Children at Akaiti Mangarongaro are prepared for the world beyond the classroom. Regular earthquake drills using the Turtle Safe procedure ensure that every child and every teacher knows exactly what to do when the ground shakes. The drill is simple, memorable, and designed for the youngest learners: drop, cover, hold — like a turtle pulling into its shell. Tamariki practise it until the response becomes automatic, until there is no panic, only calm, practised action. This is not about fear. It is about confidence. When a child knows what to do in an emergency, they carry that confidence into every other part of their day.
The Turtle Safe programme at the centre goes beyond the minimum regulatory requirements. Drills are conducted regularly and at varying times of day so that tamariki experience them during different activities — during mat time, during outdoor play, during kai time. Teachers debrief each drill with the children, asking what went well and what they remember. The language used is always calm, always positive, and always delivered in the Penrhyn (Tongareva) Mangarongaro dialect alongside English.
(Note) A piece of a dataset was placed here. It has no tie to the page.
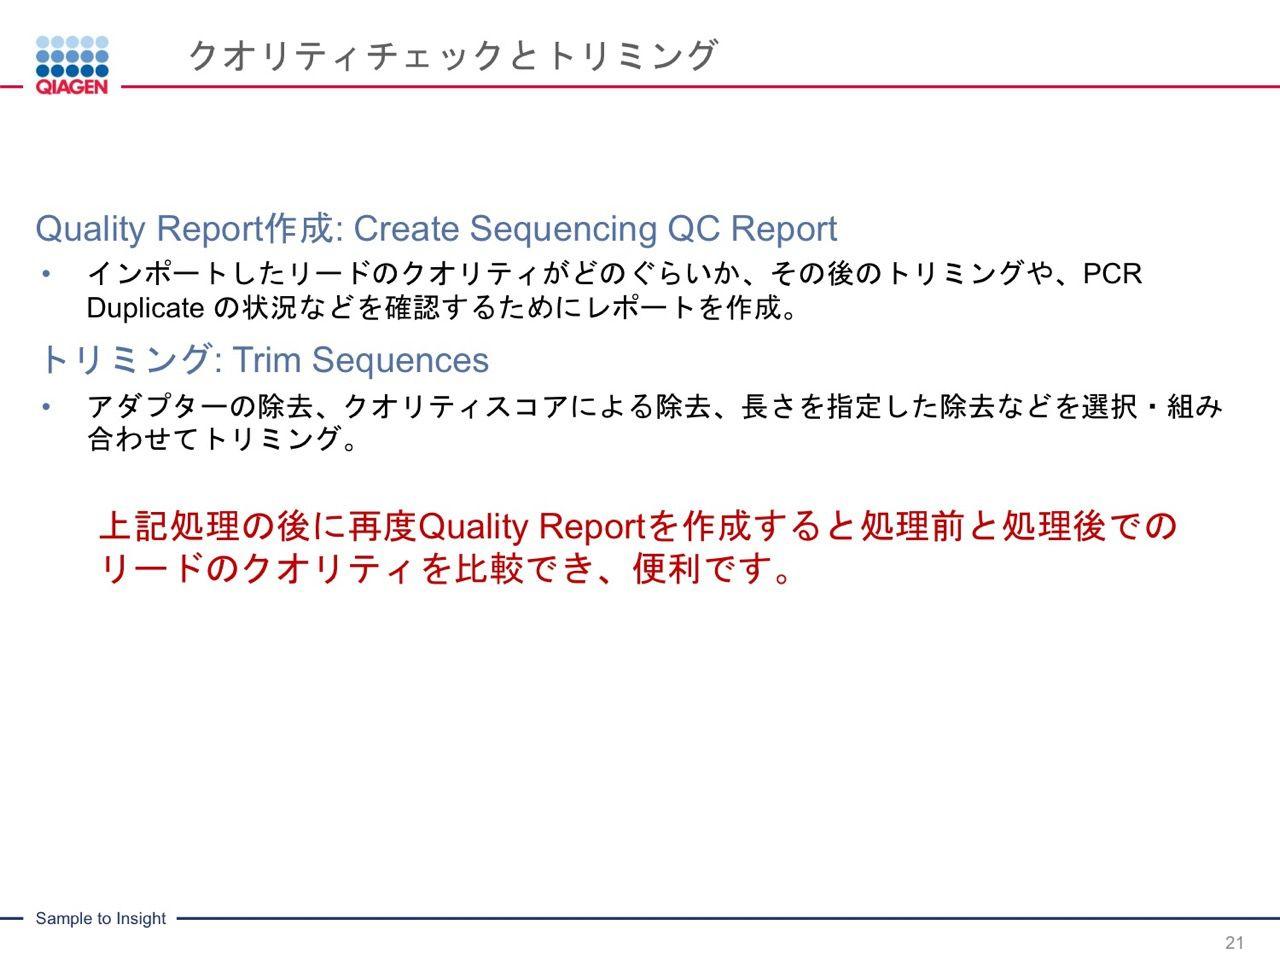 images/AJACSa2_miyamoto_021.jpg

Safety vocabulary becomes part of the children's bilingual toolkit — they learn the words for "safe," "under," "hold," and "wait" in their heritage language alongside English. Even emergency preparedness becomes a vehicle for cultural and linguistic learning.
Building a culture of safety also requires trust between the centre and its families. Parents need to know that when they drop their children off in the morning, those children are in an environment where their physical safety is taken as seriously as their educational development. Akaiti Mangarongaro communicates its safety practices openly to kopu tangata, inviting them to understand the procedures and providing guidance on how to reinforce the same practices at home. This shared approach — where the centre and the family speak the same language about safety — creates a consistent, reassuring environment for tamariki who may otherwise feel anxious about things they cannot control.
At its core, the Turtle Safe programme reflects a broader truth about Akaiti Mangarongaro's approach to education: everything is connected. Safety is not a compliance checkbox — it is part of how tamariki grow into confident, capable people. A child who knows how to protect themselves in an earthquake is a child who has learned to listen, to act calmly under pressure, and to trust the adults around them. These are life skills that extend far beyond the drill. They are the skills of a well-grounded self — and at Akaiti Mangarongaro, a well-grounded self is always the goal.